How to Increase Your Global Reach: 7 Multilingual Website Best Practices to Follow

by Han Mai
11 Minute Read

An increased global reach offers potentially rich rewards for businesses. It can provide access to larger markets, increased revenue, and diffused market dependence. Yet successfully making the transition global poses challenges, and targeting new locales is no easy task. 

Your business may already be on the journey to building its global presence, or you may be considering embarking on it in the future. In either case, progressing effectively means using all means available to their maximum advantage.

There are, of course, multiple ingredients for global business success. For example, you’re likely aware of how critical it is to improve app store ratings for your online business. But, as this article will outline, your website may be one of the most crucial pieces.

 

The Growing Significance of the Online World

To begin, it’s important to acknowledge the central role of a business’ website in 2022 when reaching out to global markets. Long before the arrival of COVID, there had been an increasing shift toward digital business activity, and the pandemic has only intensified this trend.

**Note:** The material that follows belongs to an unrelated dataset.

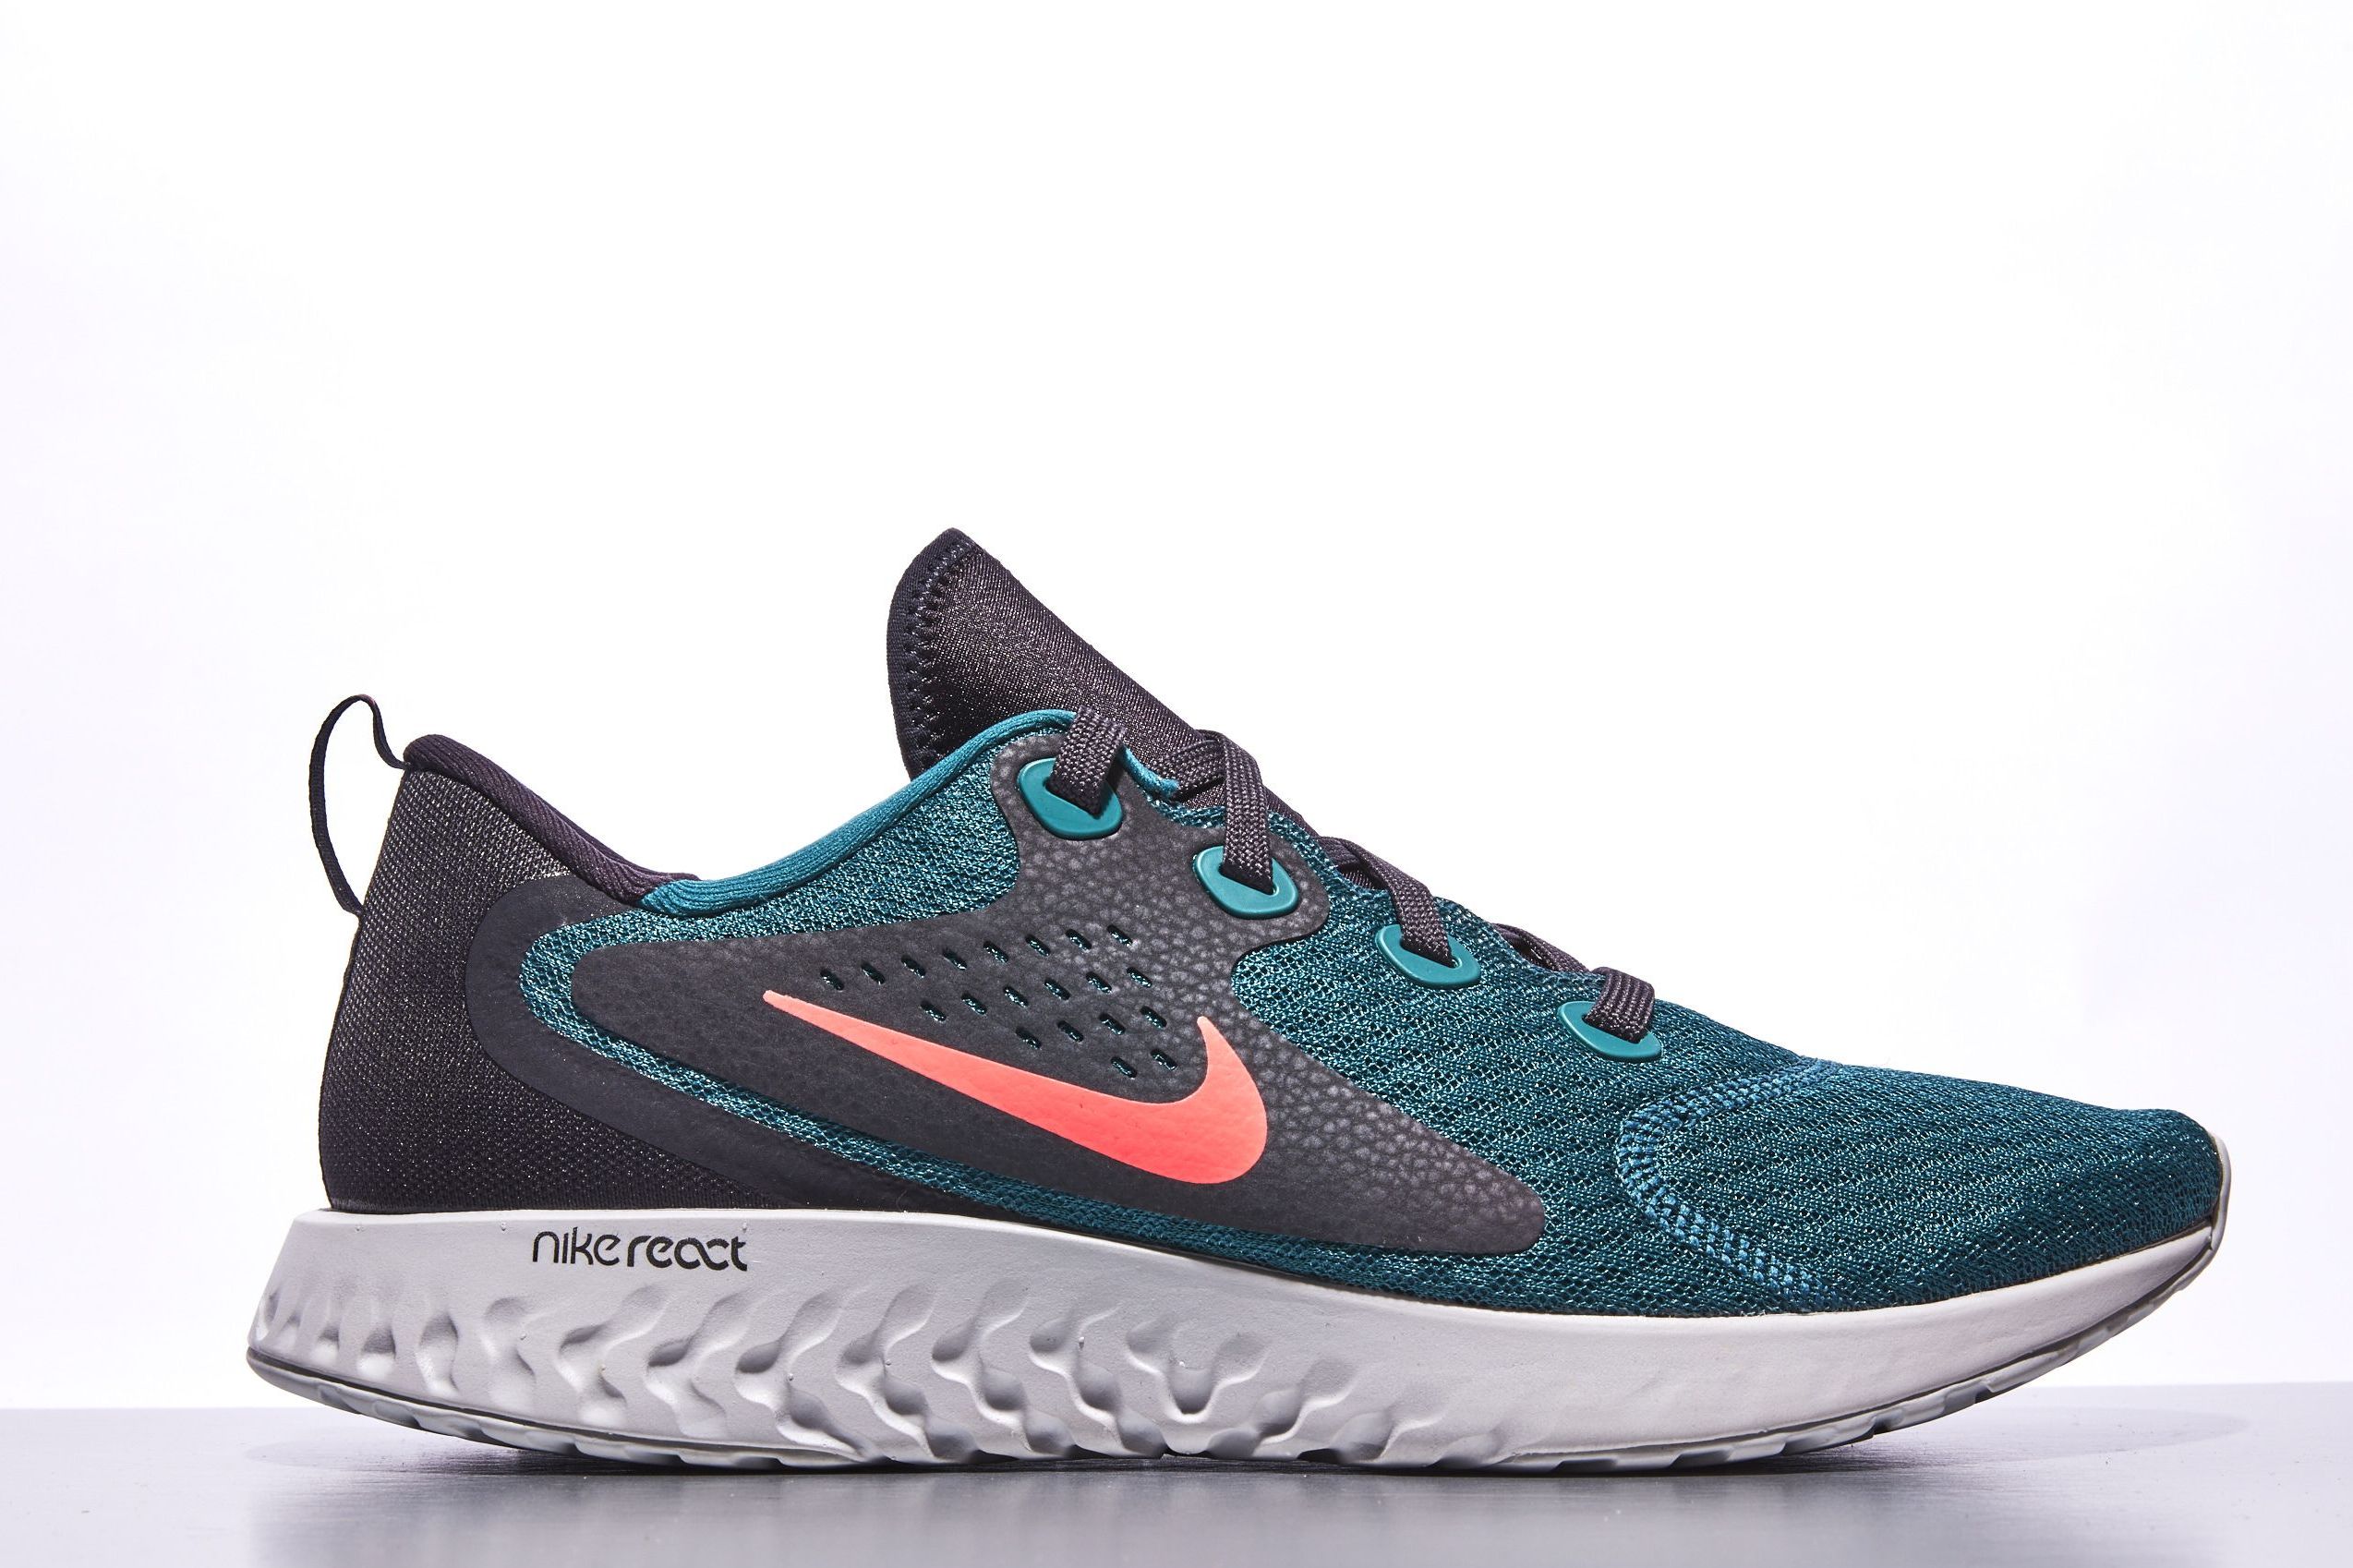 Best Nikes for Men 2019 | Nike Running Shoes for Men

First, it made working from home more common. Many of us will have experienced this personally, with our houses and apartments becoming our virtual offices. Businesses have had to adjust to this new reality as well by investing in remote work software, for example.

The pandemic has affected commerce more generally, too. Since it started, more customer activity than ever before has moved online. Globally, people's engagement with a brand is more likely to be solely online now than previously, with customers all over the world more able to explore, research, and purchase on the internet.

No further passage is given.